Ktoś zawsze wymyśli, jak robić to, co robisz. Czasami znajdą sposoby, aby zrobić to lepiej. A jeśli twoim dobrym pomysłem jest znalezienie sposobu na udostępnienie czyichś najlepszych pomysłów masom, w końcu zdadzą sobie sprawę, że mogą to zrobić sami i odetną cię.

ile zarabia rosanna scotto rocznie

Co się potem dzieje.

To właśnie dzieje się z Netflixem. Wyzwaniem jest zastanowienie się, co dalej. Trzeba przyznać, że Netflix nie był ślepy na to, co nadchodzi. Najwyraźniej firma zrozumiała, że ​​twórcy treści w końcu zdadzą sobie sprawę, że następnym logicznym krokiem będzie po prostu zaoferowanie własnych wersji Netflix.
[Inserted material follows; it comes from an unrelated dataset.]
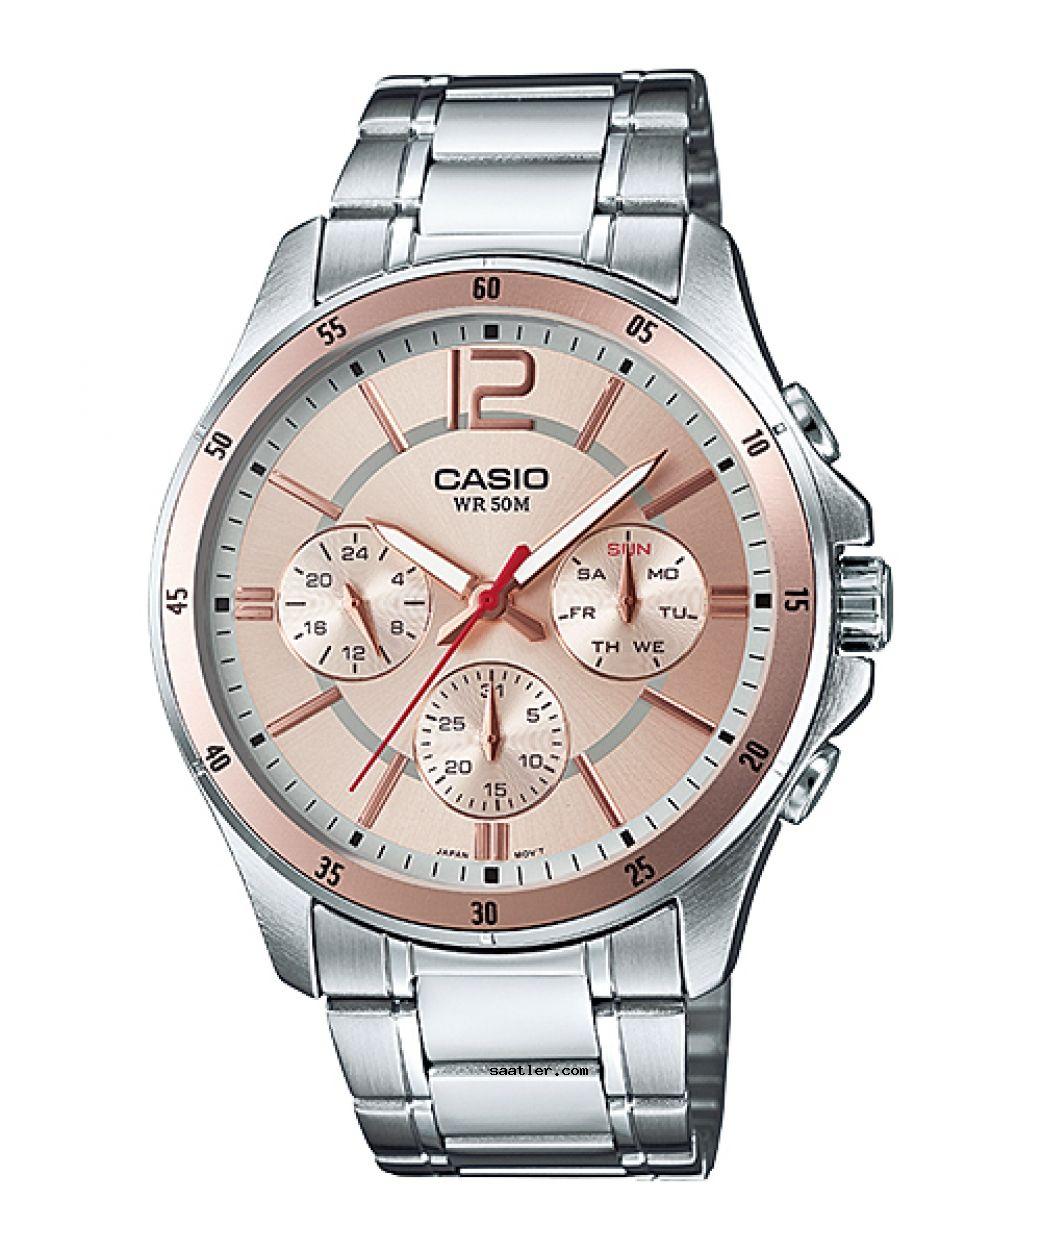 Casio Mtp 1374d 9avdf Kol Saati Erkek Kol Saatleri Saatler Urunler

Dlatego mamy takie programy jak Dziwniejsze rzeczy , Pomarańcz to nowa czerń , i Korona . Trzeci akt Netflix pojawił się, gdy zdał sobie sprawę, że ponieważ twórcy treści zaczęli konkurować w dystrybucji strumieniowej, musiałby zostać twórcą treści, więc tak się stało. Okazuje się, że też jest w tym całkiem niezły.

Pytanie, czy to wystarczy.

Oczywiście to samo pytanie dotyczy Twojej firmy. Czy wystarczy dobry pomysł, na którym zbudowałeś swój biznes? A może ktoś inny znajdzie sposób, aby zrobić to lepiej?

Istnieje duża szansa, że ​​to drugie, co oznacza, że ​​podobnie jak Netflix, prawdziwe pytanie brzmi „co dalej?”.